The Bancor ICO set a new benchmark. The $500 million mark is my mental goal post for the height of insanity and that will be the day that Icarus will burn in the noon day sun. Tezos and or Eos are positioned to meet or eclipse that number.

My second mental goal post is if Ether reaches parity with Bitcoin in terms of market cap. The profit taking at that level could cause the ripple that forces a calamitous unwind of the 2017 ICO bubble.

The correction in Ether and the secondary market prices of ICO tokens, will be disorderly. However, even if you do agree with my views, don’t let your haterade preclude you from making money during this glorious bull market.

Why Don’t Banks Own Bitcoin Exchanges?

Fiat government money is one of the biggest profit centres for banks globally. Even though we are all human, to trade and interact with each other requires the exchange of different coins, paper, and electronic credits. Each one of these transactions benefits banks who move money globally for a fee.

At the most simplistic level, the trading of crypto currencies and or digital tokens is just a standard foreign exchange transaction. If banks love foreign exchange, why then do they have an aversion to Bitcoin and other digital currencies?

A Close Second

Banks claim to care about optics, and say they abhor risk to their reputation. Yet – time and time again they’ve shown that they will gladly launder money for dictators, arms dealers, and drug lords. Why the aversion to conducting standard FX transactions involving digital currencies?

Banks also are not scared of breaking laws – but only so long as every other bank is doing it too. When it comes to a new business line that might be controversial to regulators, it is better to be a close second than the first. If meaningful punishment meted out to the first mover is lacking, the rest of the banks will follow headlong like lemmings.

Too Much Money to Ignore

Digital currency trading on-exchange volumes are too big to ignore. Given the level of fees charged to eager traders and speculators, the leading exchanges post revenue figures that value them in the billions of dollars using standard exchange revenue multiples.

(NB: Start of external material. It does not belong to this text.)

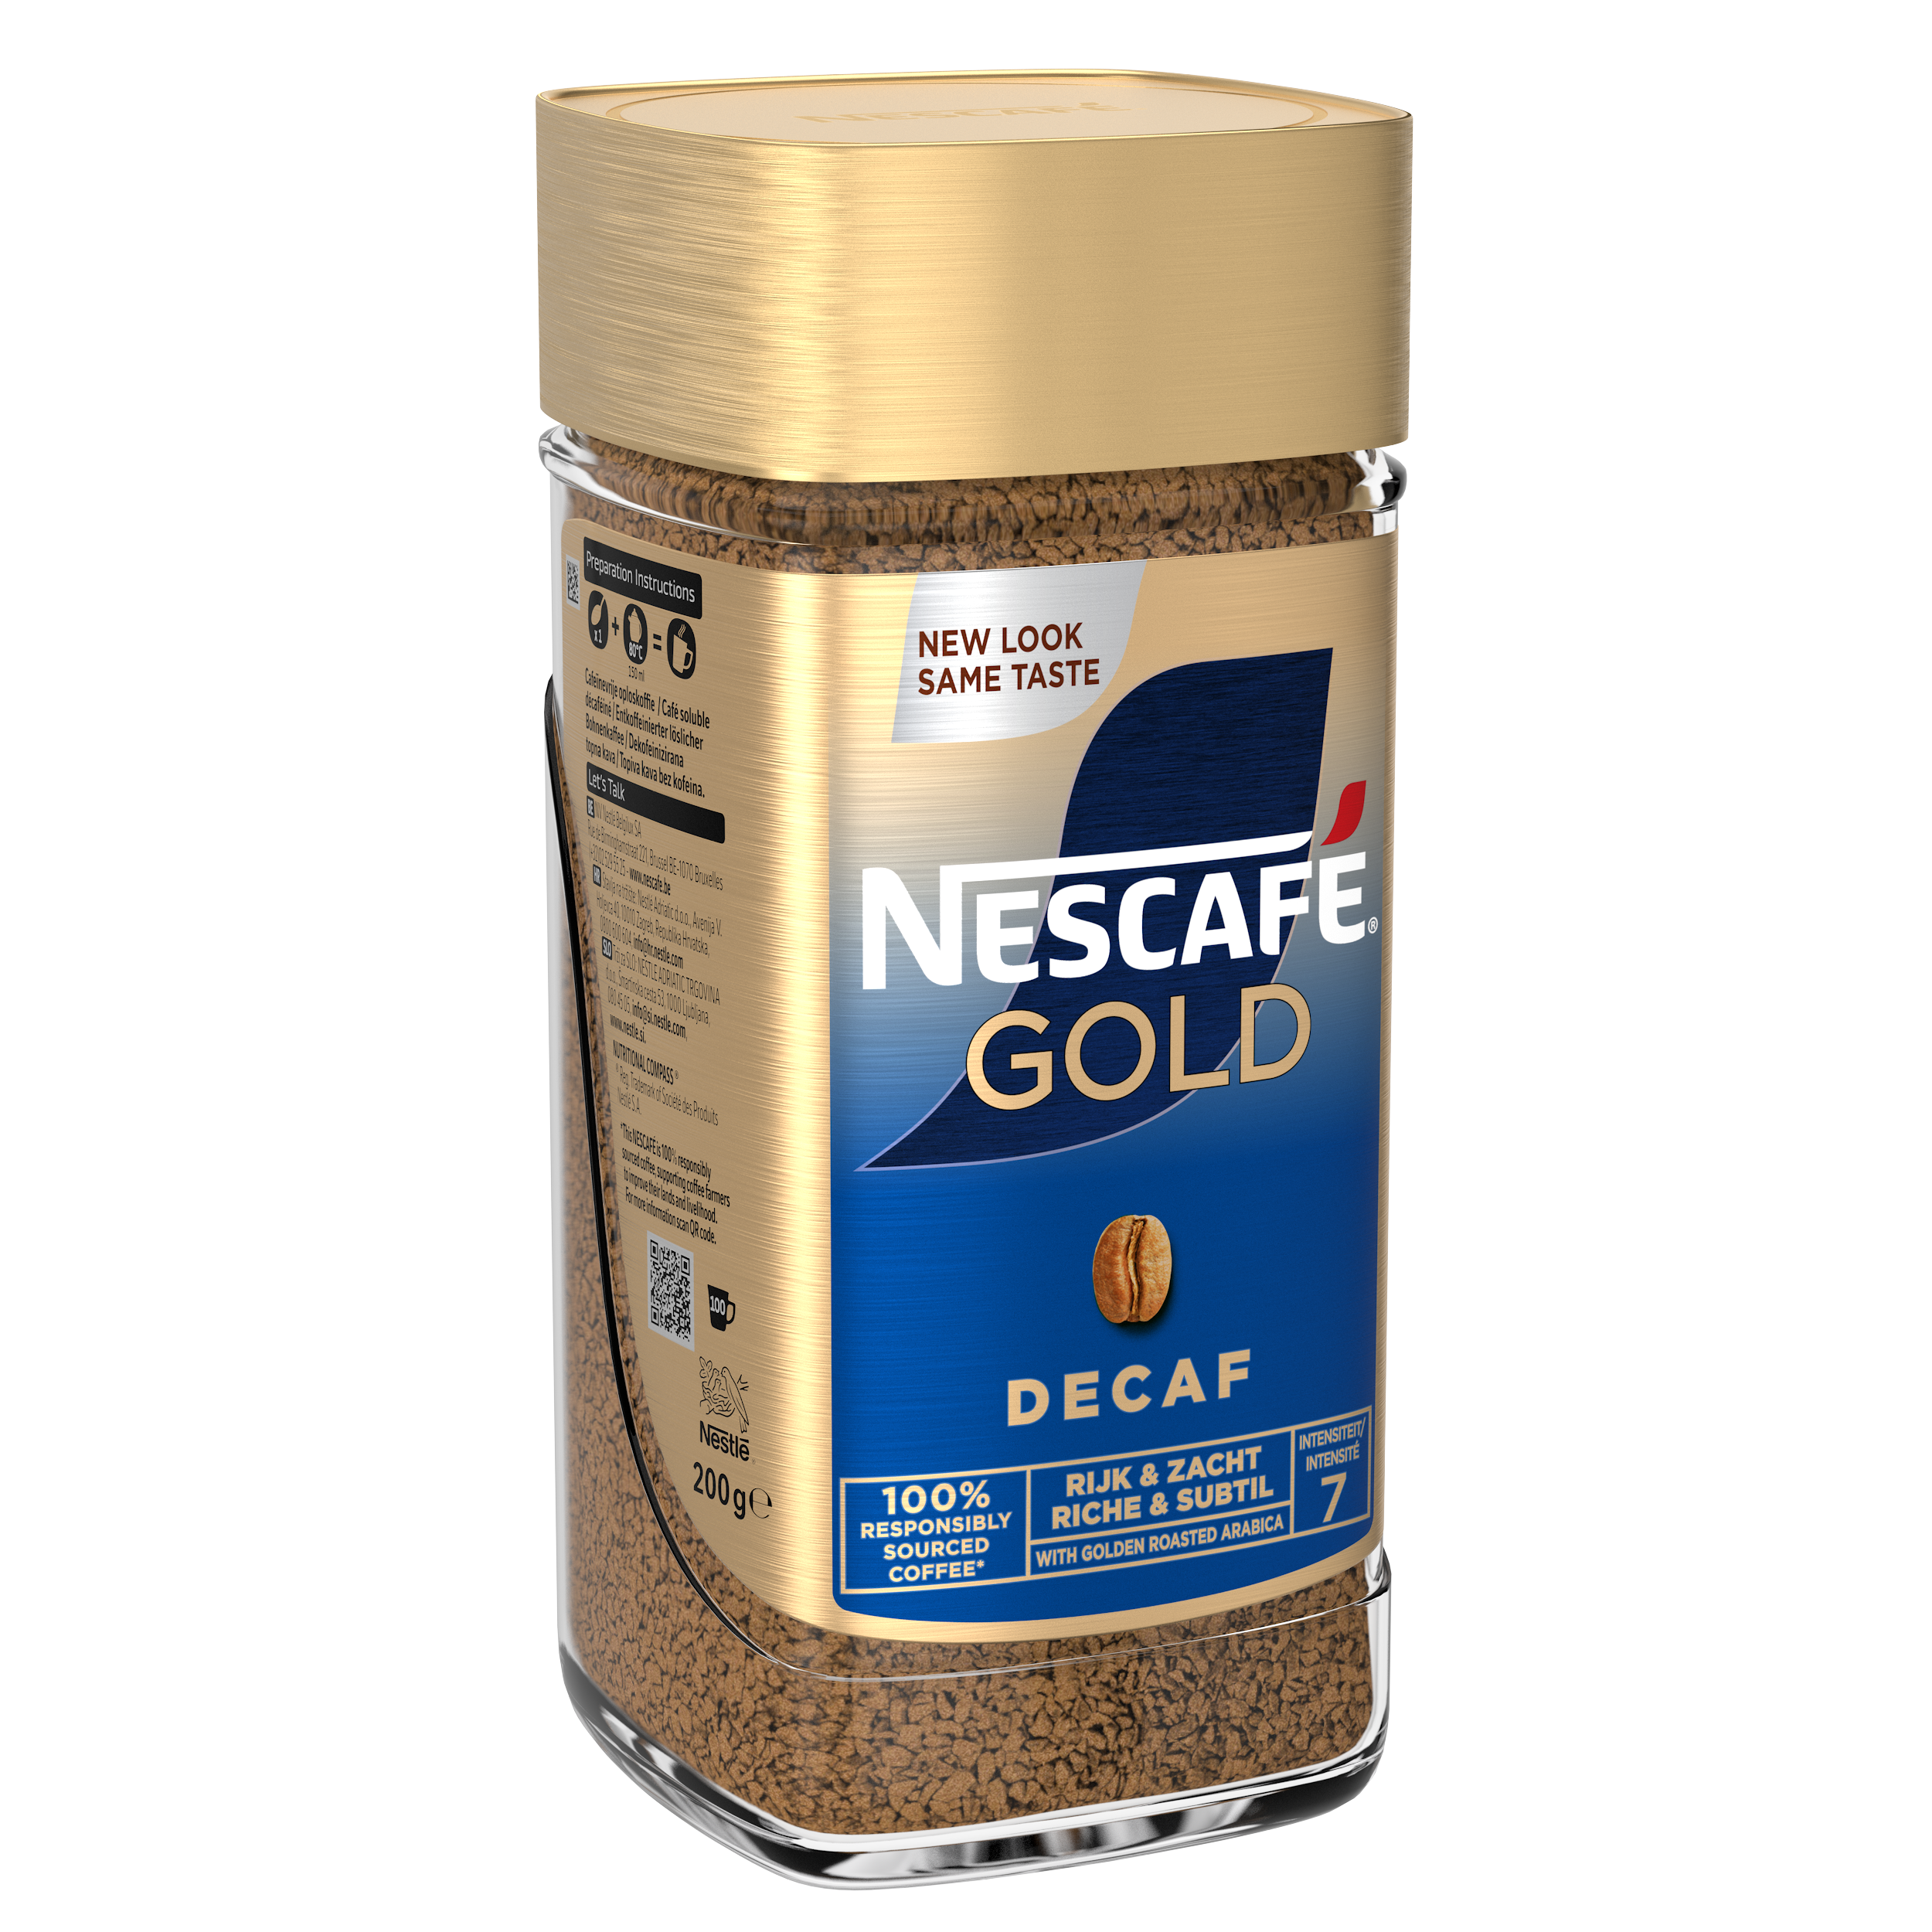 Nescafé gold decaf coffee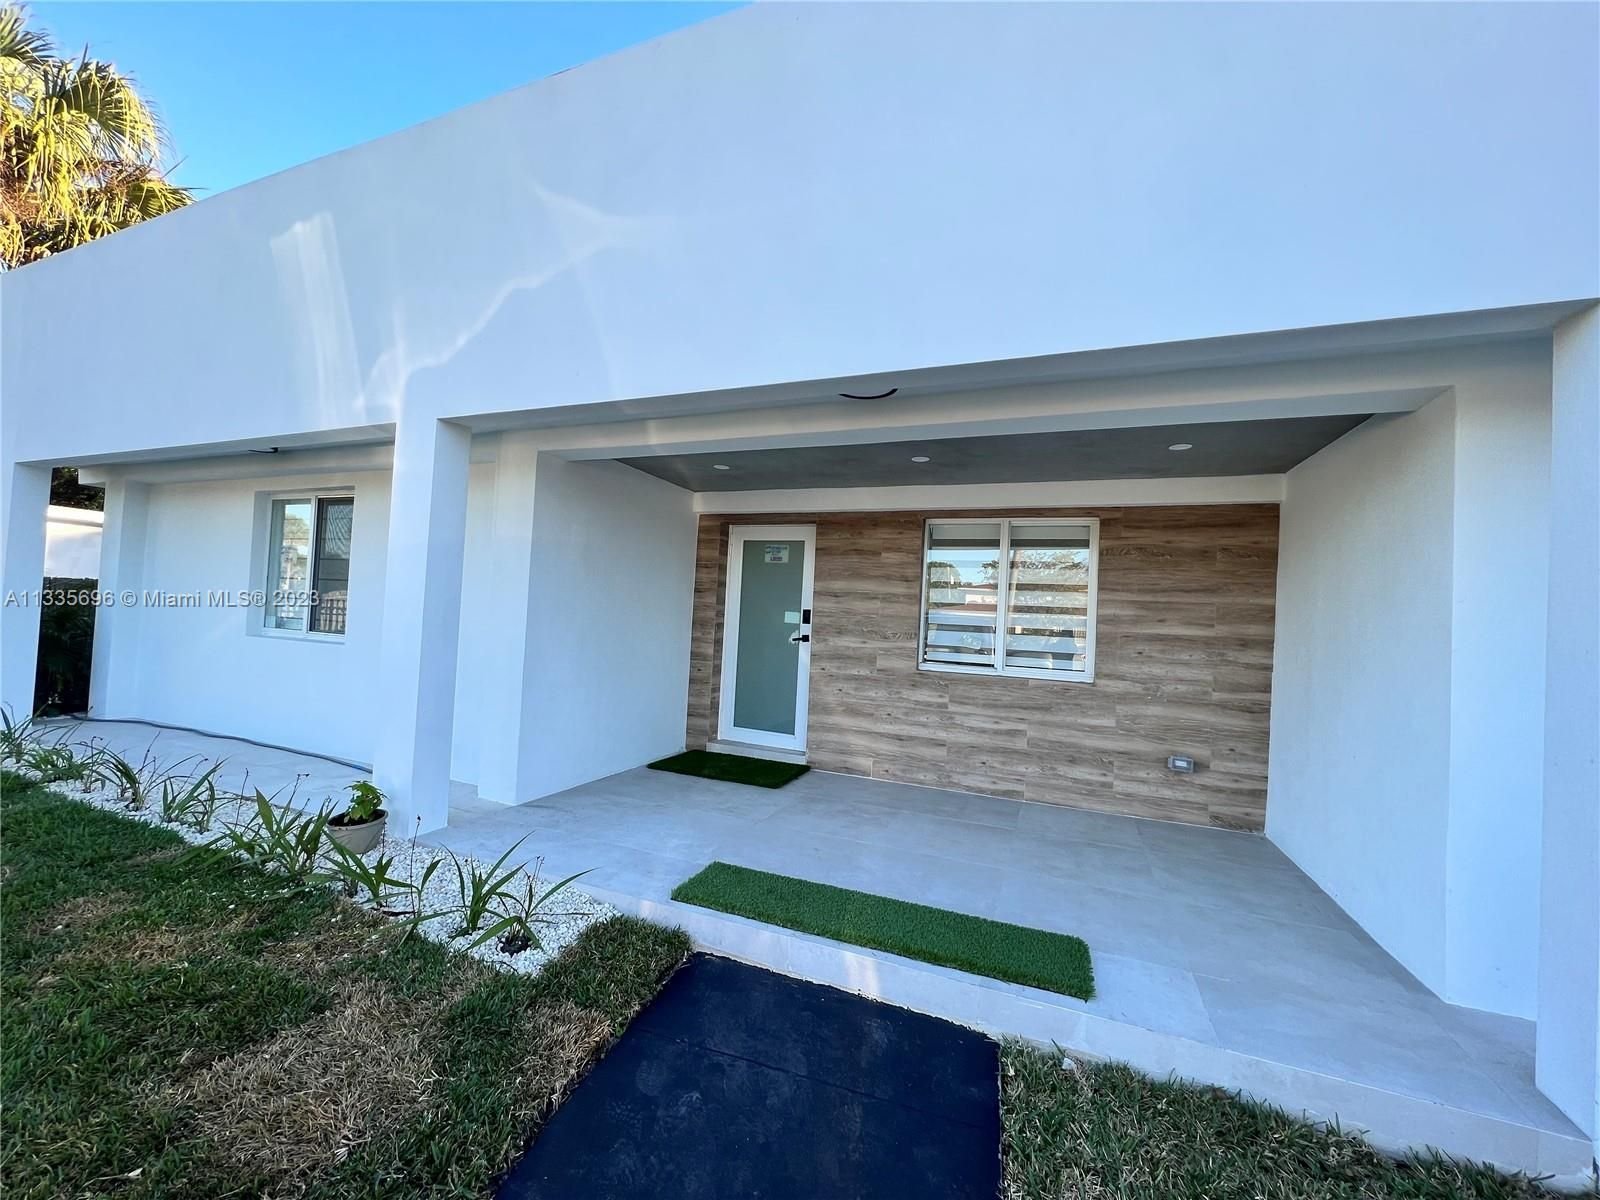 Real estate property located at 520 135th St, Miami-Dade County, North Miami, FL

The funny part is that a bank is necessary to operate a fiat to digital currency exchange. The on-ramp into the digital currency space requires the exchange to hold client fiat money with a bank. While the bank makes transaction fees on the movement of fiat, they miss out on the very profitable churn generated by digital currency exchange clients.

Hundreds of millions of dollars in fees will be made this year by the leading exchanges. The board of any bank that banks a digital currency exchange should be ashamed of themselves for not expanding their operations and offering, at a minimum, Bitcoin to fiat exchange services.

Trust a Banker

Throughout history, bankers have been held in low esteem. The handling of money is viewed as unclean, while rentier landholders are given the trappings of aristocracy. However the plebes, patricians, and governments still trust banks with their money.

Bank offices exude confidence, grandeur, and – most importantly – security. Contrast that to a slick and minimal website of a digital currency startup. Their airy San Fran, New York, or London offices don’t produce the same effect on potential customers.

The lack of trust between users and exchanges due to hacks, thefts, and a lack of business acumen is one of the largest reasons people don’t take the first step to acquiring some Bitcoin. Through generations of social conditioning, people believe a bank is the best place to store wealth. If your friendly neighbourhood bank offered the ability to buy, sell, and store Bitcoin directly, trust – and therefore trading volumes – would be much higher.

Figure It Out

Senior bankers appear to be catching on. A Barclays executive recently asked the FCA in London to figure out how a bank can join the party. [CNBC]

A wink and a nod from the appropriate alphabet letter agencies will set off a stampede for banks to open their own exchanges. The next question will be: buy or build?

Banks fail miserably at cyber security. Bitcoin, in many cases, does not require physical proximity to where it is stored in order to steal it. In the long run, the real differentiating feature in the exchange landscape is security. Banks that don’t want to “learn” how to conduct proper cyber security should buy the leading exchanges to whom they currently extend banking services – if they can find a trustworthy one.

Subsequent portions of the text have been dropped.